SAUDI ARABIA – THE SLEEPING GIANT THAT WILL TRANSFORM REGIONAL AVIATION

A new visa programme to encourage tourism and reduce the country’s dependence on oil revenue is now in effect for nationals of 49 countries. The Kingdom has set a goal of welcoming 100 million international and domestic visitors by 2030. New projects, including transforming 50 islands and sites on the Red Sea into luxury resorts and building Qiddiya, an entertainment city of theme parks, a safari zone, and a motor sports area near Riyadh, will create one million tourism jobs.

It’s an ambitious undertaking that will require plenty of airline seats to attract tourists from around the Gulf and Middle East. Accordingly, the Kingdom’s two LCCs are adding to their fleets. The Saudi Arabian Airlines LCC subsidiary, flyadeal, has ordered up to 50 A320neos. Deliveries start in 2021. Flynas, with 32 A319s and A320s in service, has 117 A320neos on order. Those new aircraft will be in high-density, dual-class, 174-seat configuration.

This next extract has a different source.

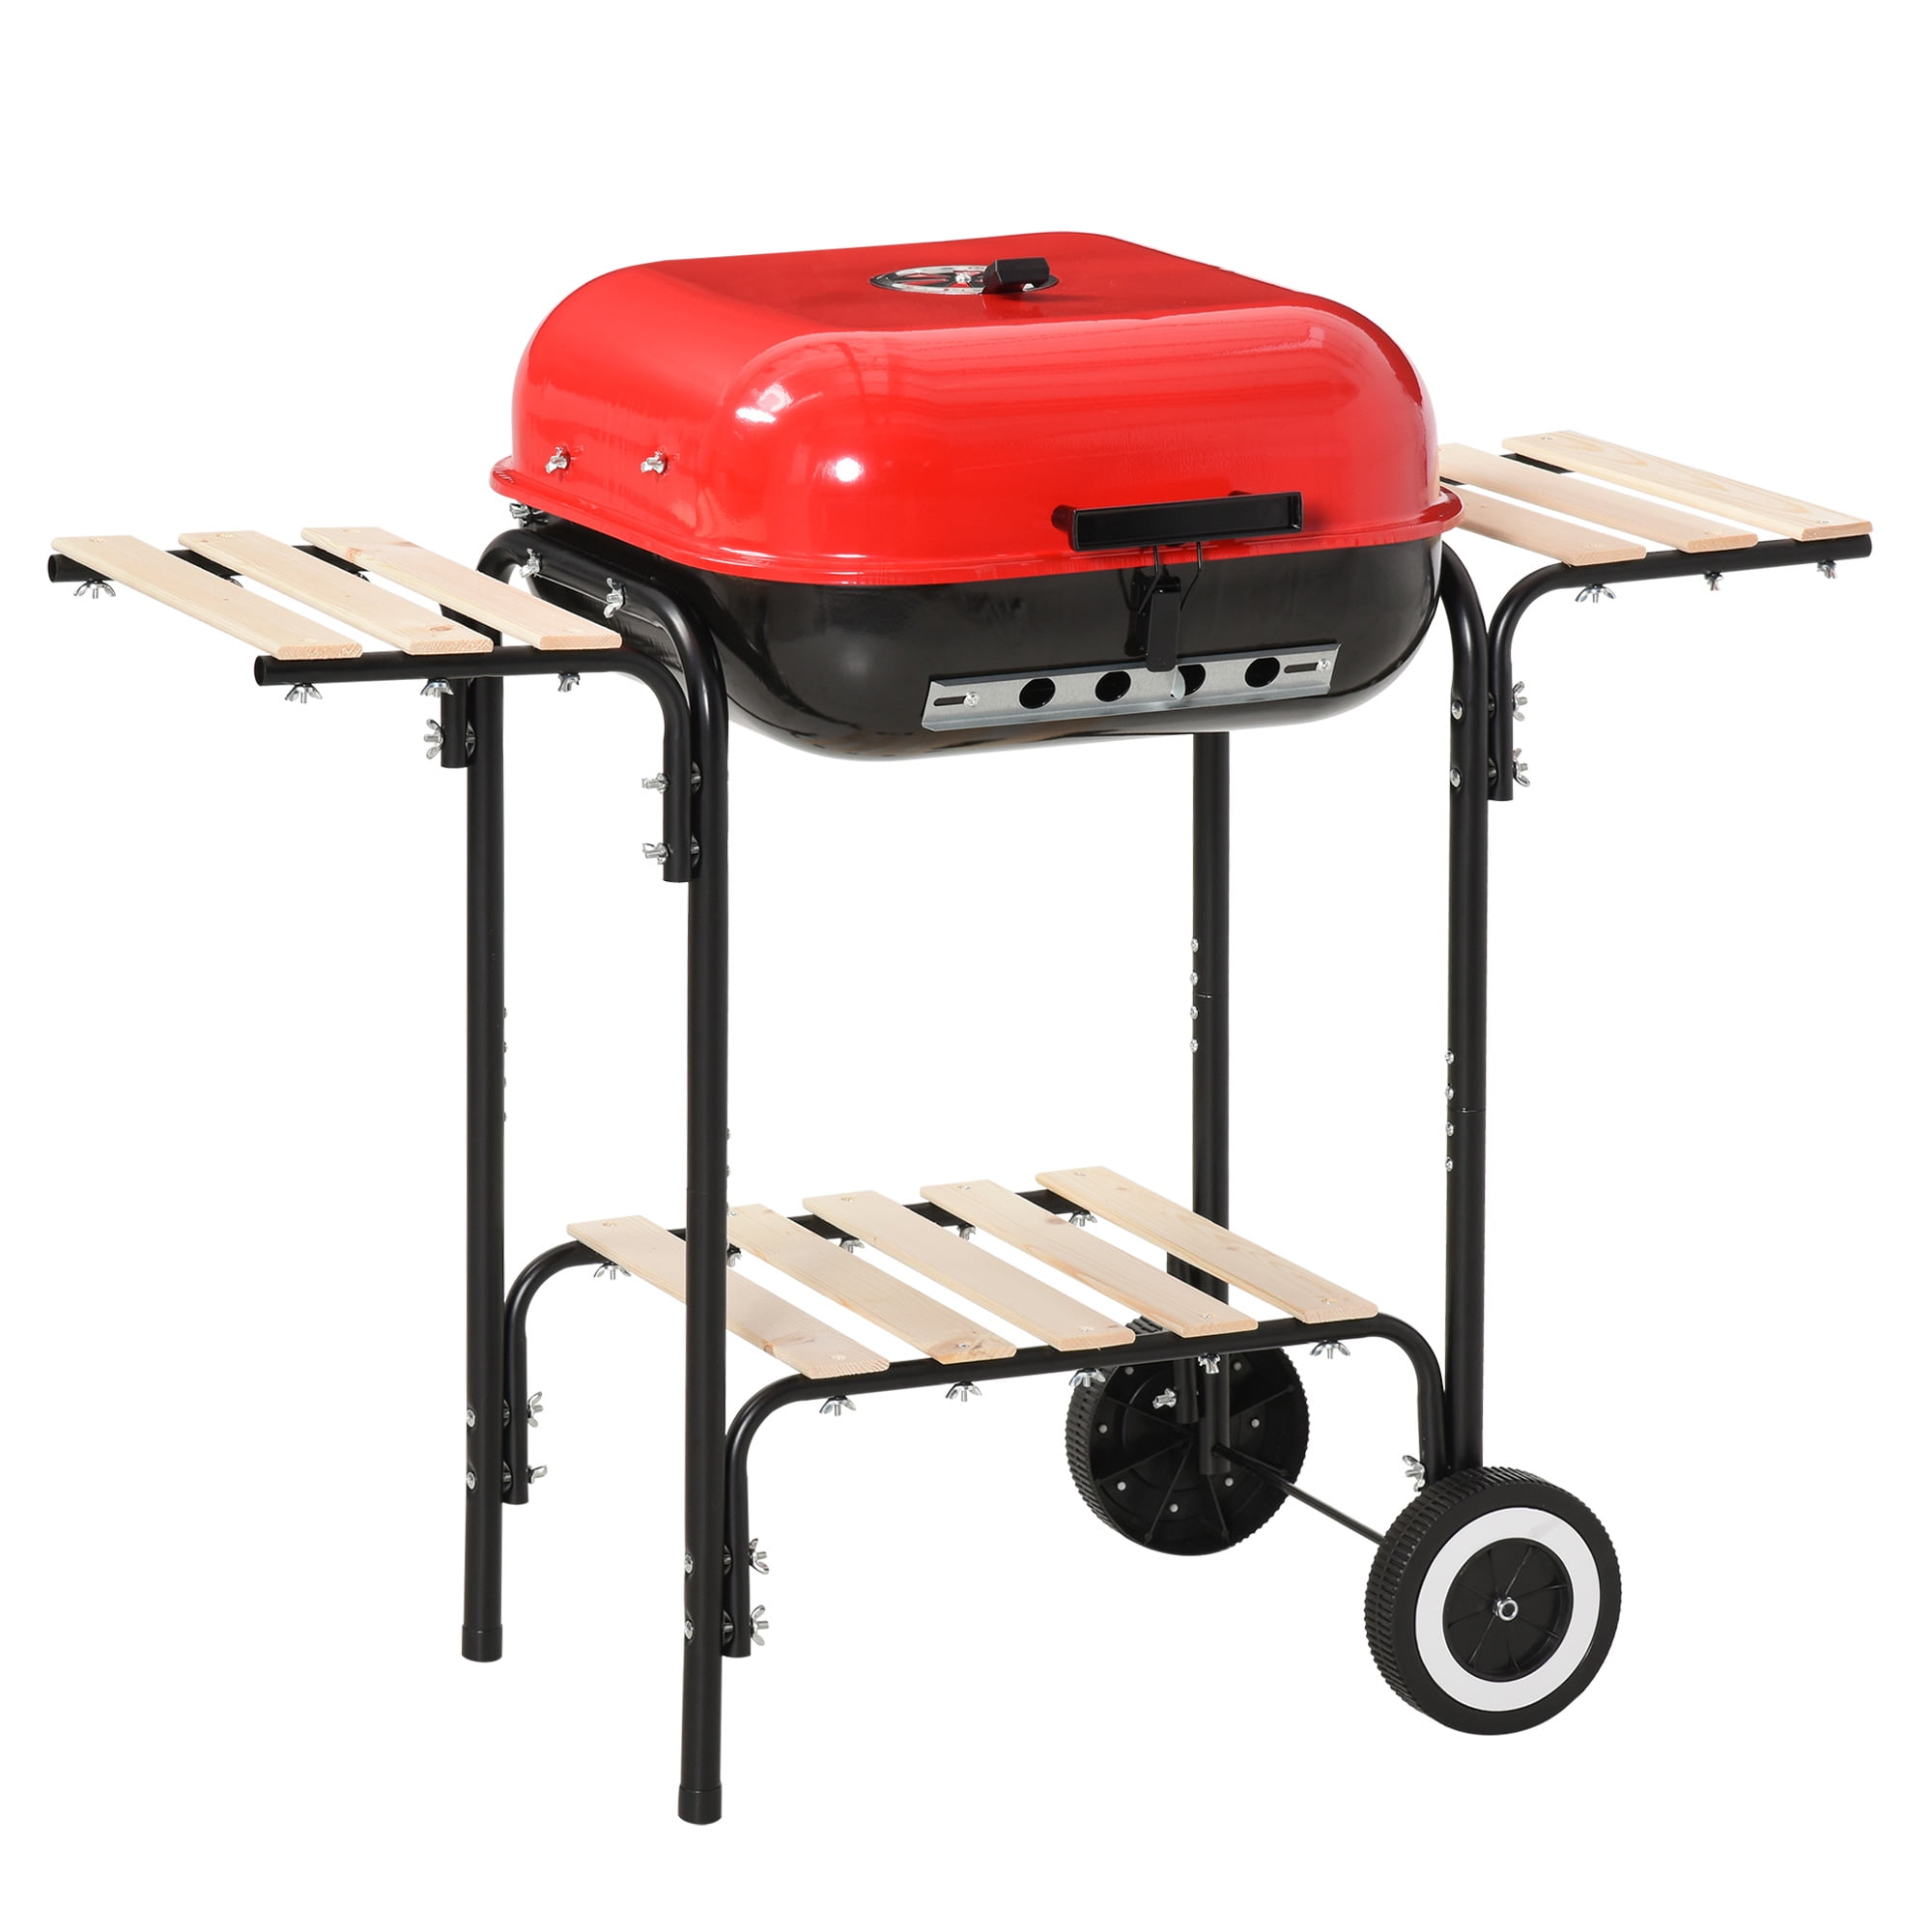 show original title Details about   Stainless steel barbecue BBQ Charcoal Barbecue foldable port b1e

The explosive growth in LCC capacity between Air Arabia, Air Arabia Abu Dhabi, flydubai, flyadeal and Flynas will ensure the Middle East remains an aviation powerhouse, even when the A380s are gone and more flights start bypassing the region’s mega-hubs.


Byron Bohlman is a 39-year airline industry veteran and part-time consultant. He was a domestic airline pricing director for Air Canada and global marketing director at Bombardier and Embraer.